Simply put, the authentic mystical experience is the true source of man’s religion. Religion is therefore primarily psychological and not institutional: it is about a personal connection with God, not fealty to a set of dogmatic ideas, scriptures, or institutions.
The goal of describing, cataloguing, and catalyzing the mystical experience was approached by the ancient Esoteric Schools as an exact science. Based on the conclusions of this inward spiritual research, the original esoteric disciplines of meditation, yoga, and alchemy were developed.
Mysticism is not only the basis of religion; it is also the basis of philosophy: the institution of philosophy was conceived and born by individuals - Pythagoras, Gautama Buddha, Lao Tzu, etc. - who were all initiates of the Mystery Schools of their time and place.

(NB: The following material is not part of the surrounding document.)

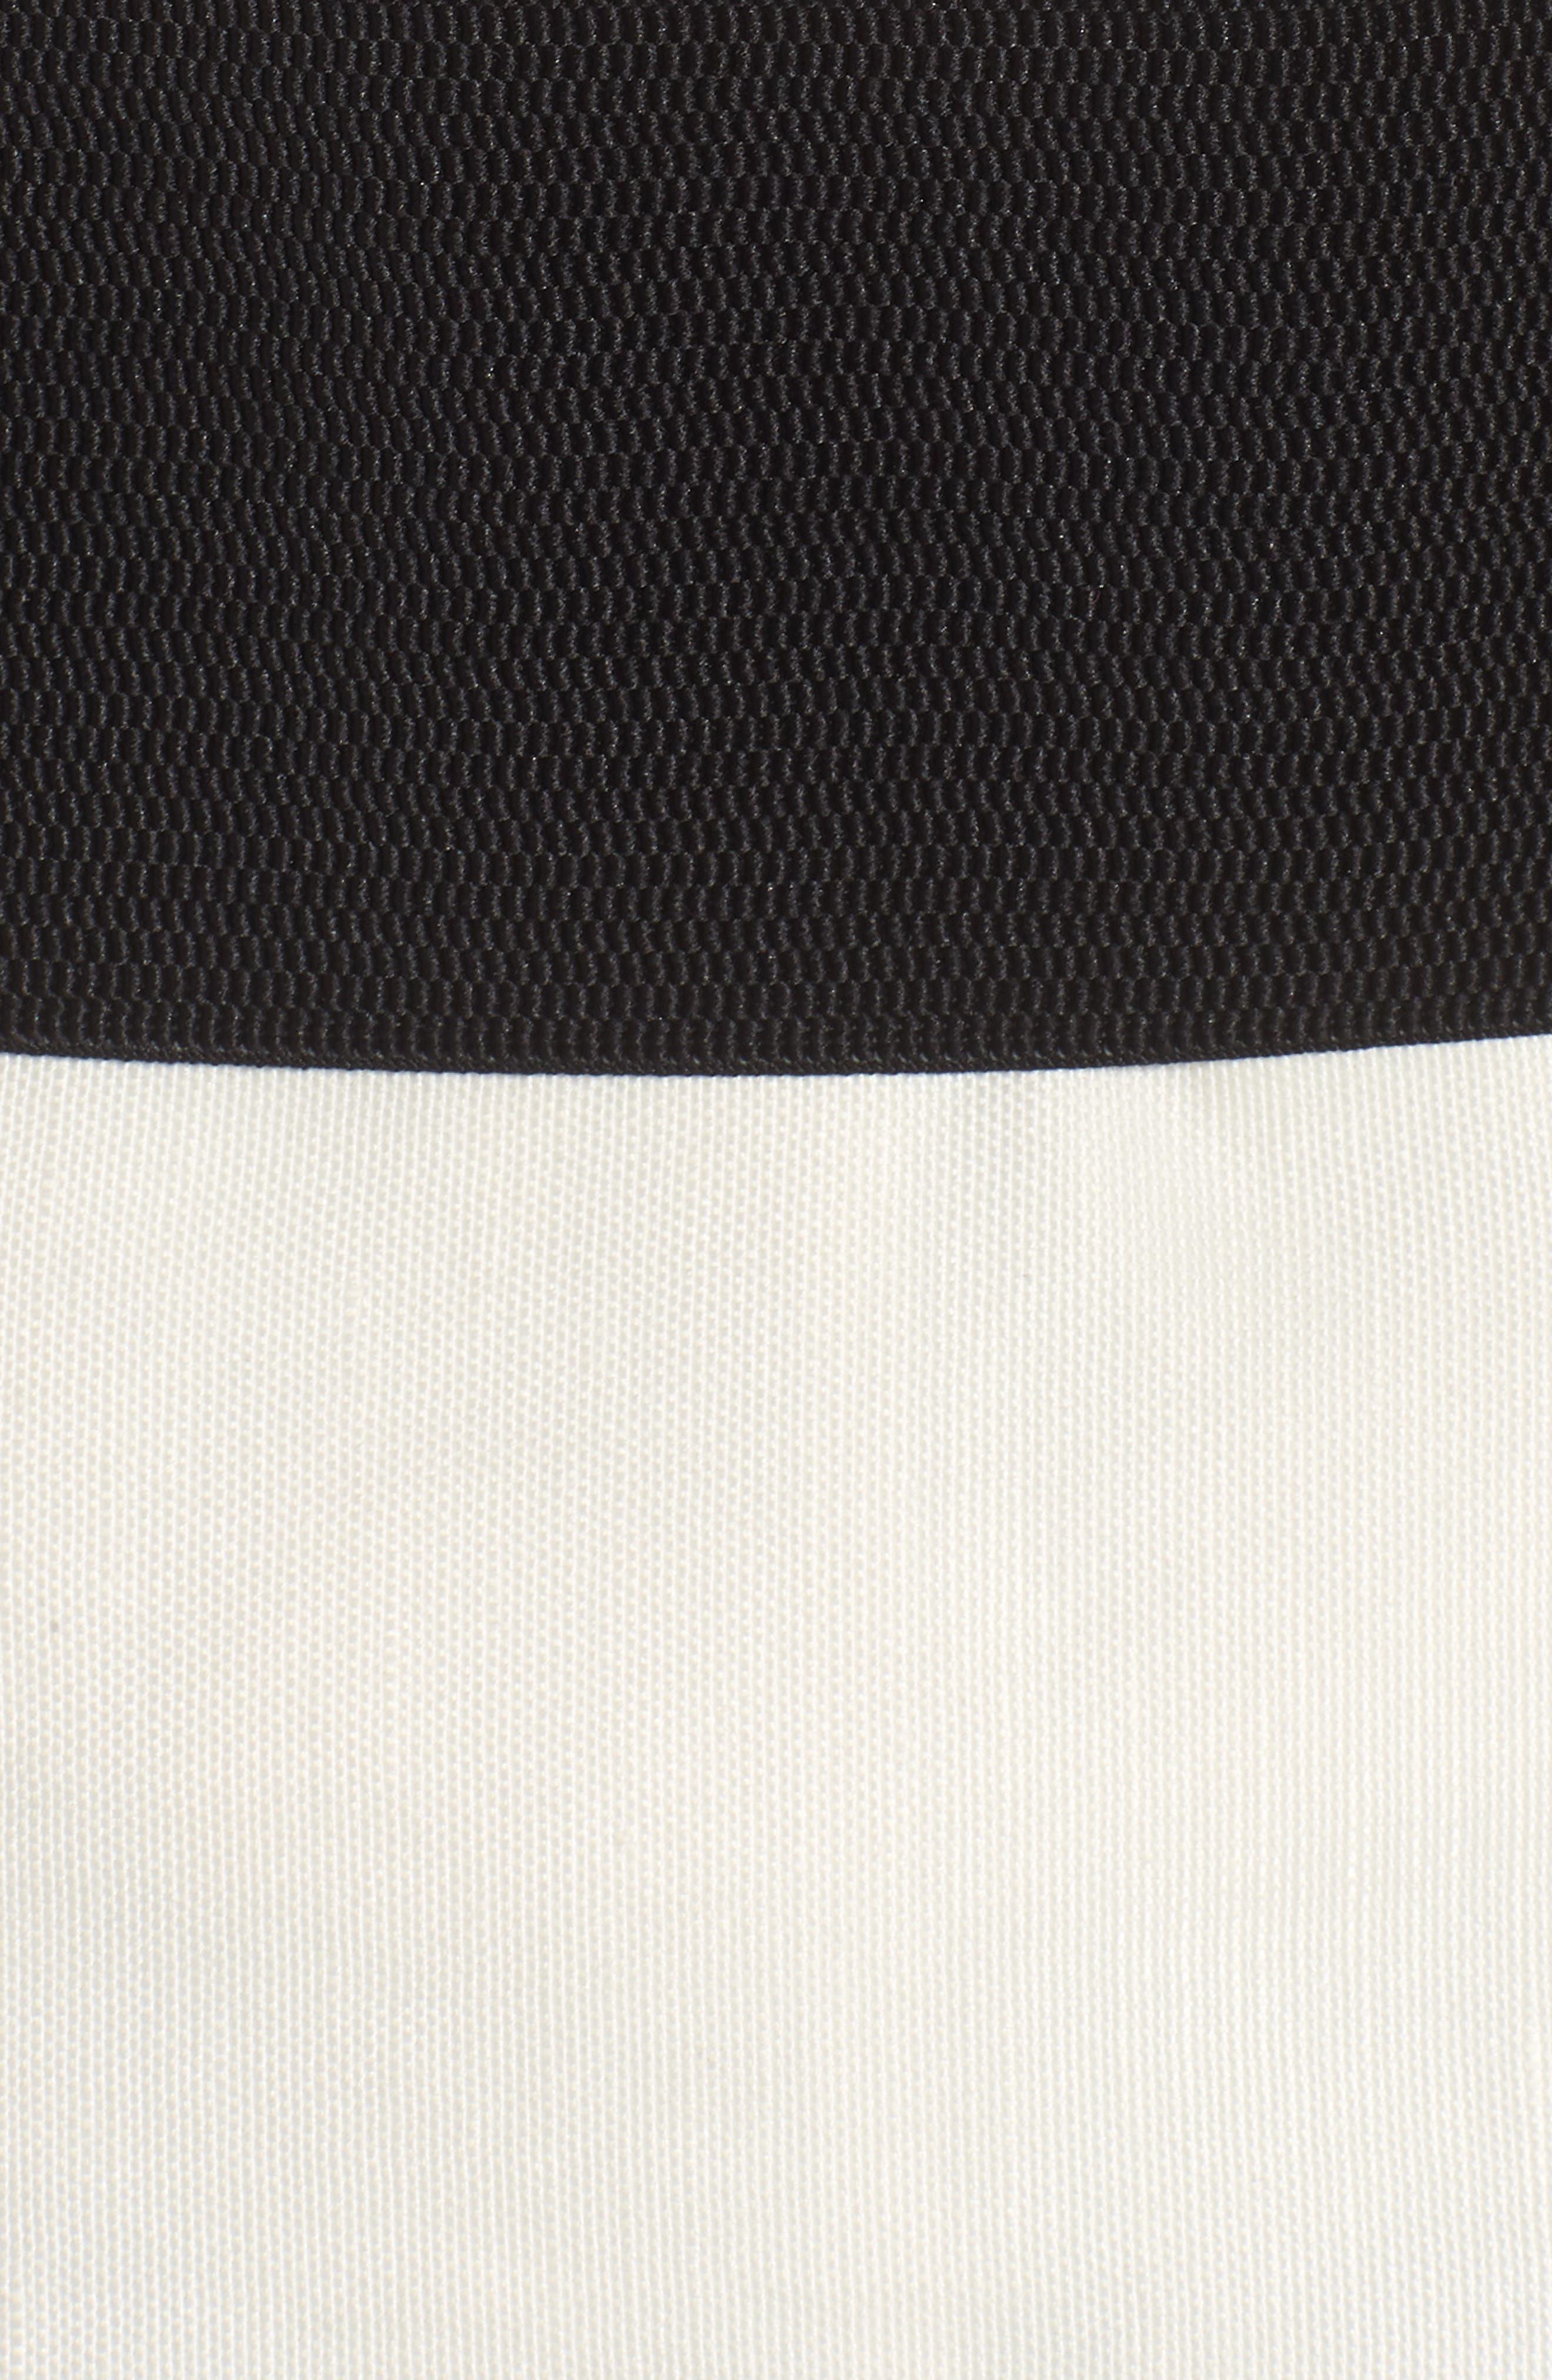 Corset Linen Blend Blazer,                             Alternate thumbnail 6, color,                             900

Each of the great schools of philosophy that first emerged during the Axial Age (~600 BC) derived their respective doctrines of philosophical and metaphysical teachings around a body of pre-existing esoteric knowledge that had been accumulated and passed down within the Mystery Schools, which each philosophical “founding father”, from Pythagoras to Gautama Buddha, was an initiate of.

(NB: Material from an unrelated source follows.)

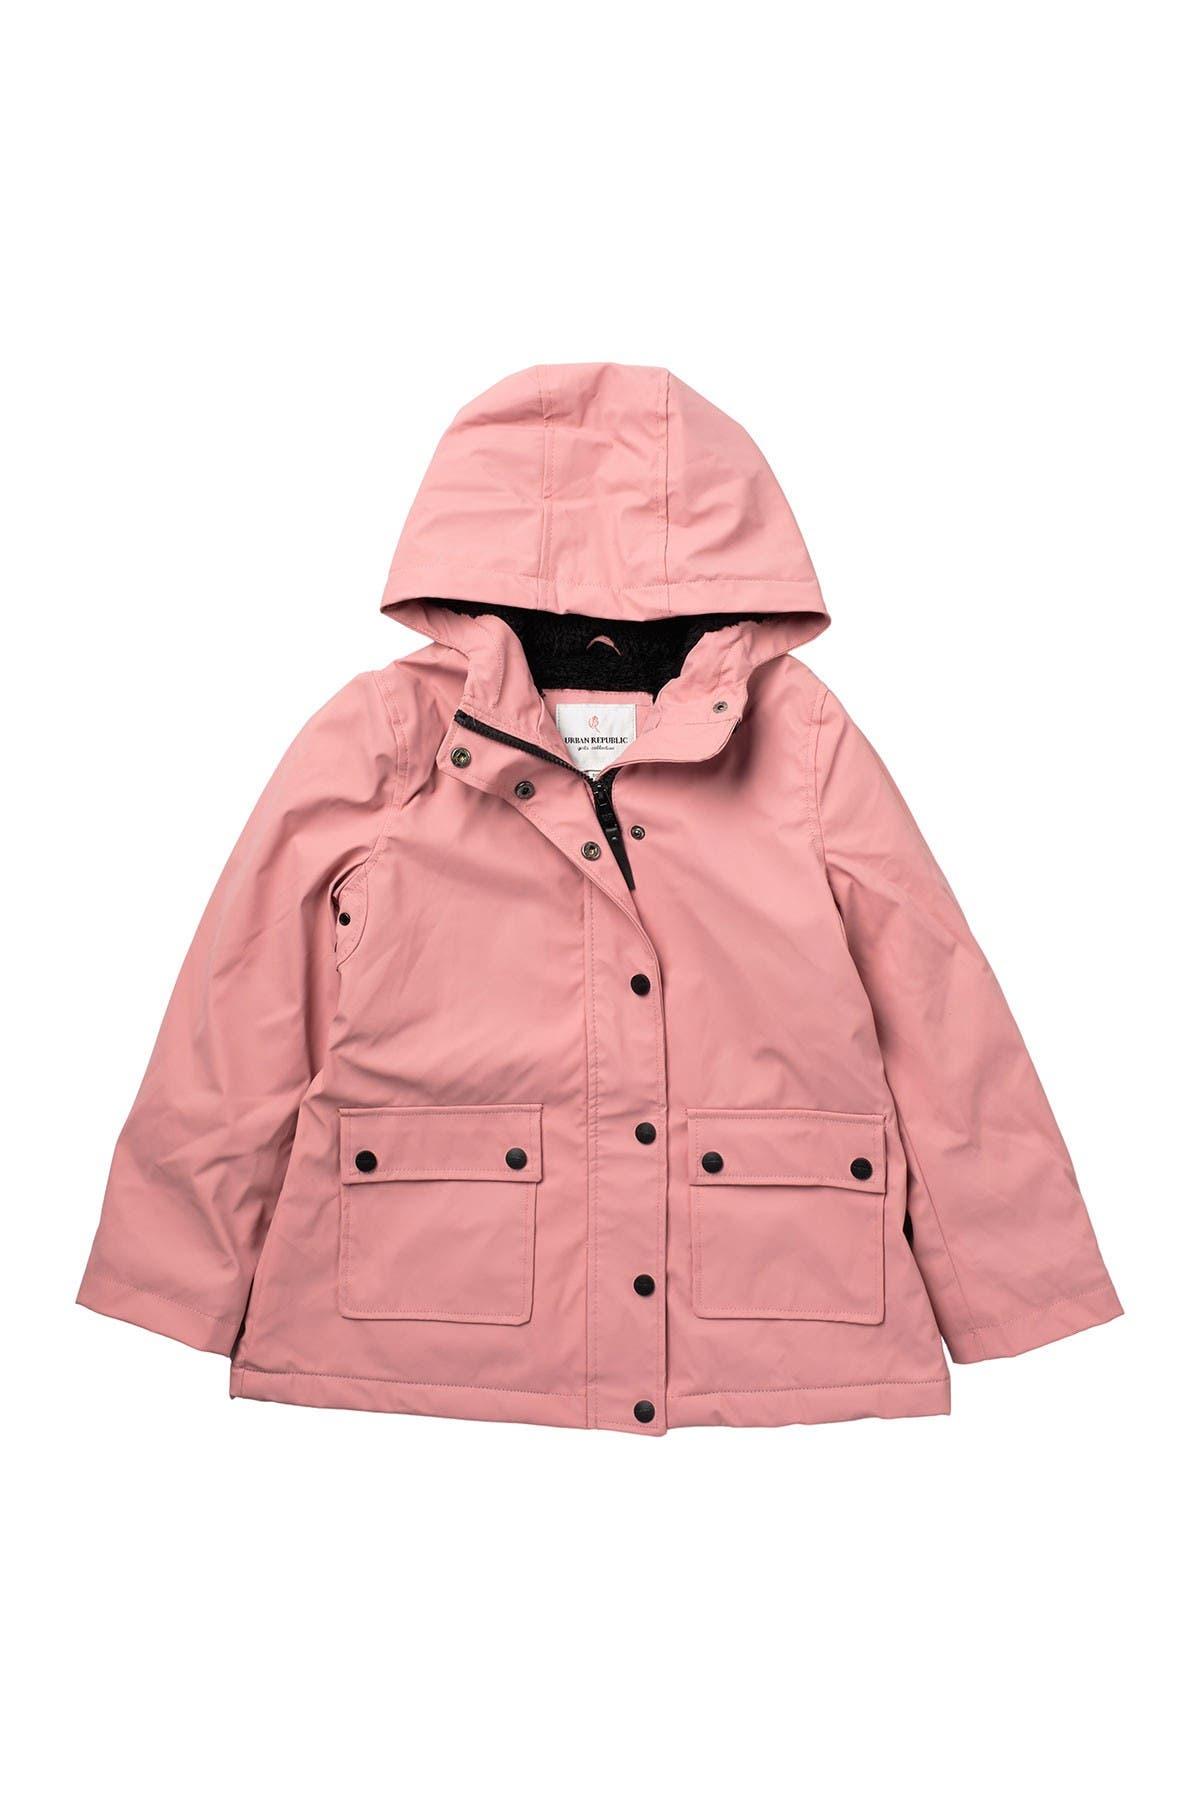 Image of Urban Republic Hooded Faux Shearling Lined Rain Coat

The knowledge these teachers were granted in these Esoteric Schools was not purely intellectual; it was also mystical. The Great World Teachers of this period were all initiates, which means that each had undergone, as part of their initiation, a mystical experience of “spiritual rebirth”. The knowledge departed to them during this experience would have directly inspired them to teach the doctrines and found the academies that they would later gain renown for.
Being products of the Mysteries, each of these great teachers recapitulated the basic pattern of the Esoteric Schools within their own philosophic academies or “sanghas”.
For example, each of these ancient philosophic schools, without exception, contained within its innermost structure an esoteric body where occult meditational practices and rituals were developed and practiced according to an exact science.
This repeats the pattern of the Mysteries, where the “outer body” would practice the “lesser rites” involves with preparation and purification, while a smaller “inner body” practiced the “greater rites”, which involved mystical and meditational exploration of the metaphysical dimensions of Spirit.
Also like the Mysteries, the existence of this inner, esoteric body within these philosophic schools was largely concealed from the awareness of those in the outer body. Today, most don’t realize that each school of philosophy, from Buddhism, to Platonism and Pythagoreanism, to Taoism, has both an “exoteric” and “esoteric” aspect, the former corresponding to a “public” body of teachings for the masses and the latter to an inner, mystic doctrine for the more advanced and accomplished students.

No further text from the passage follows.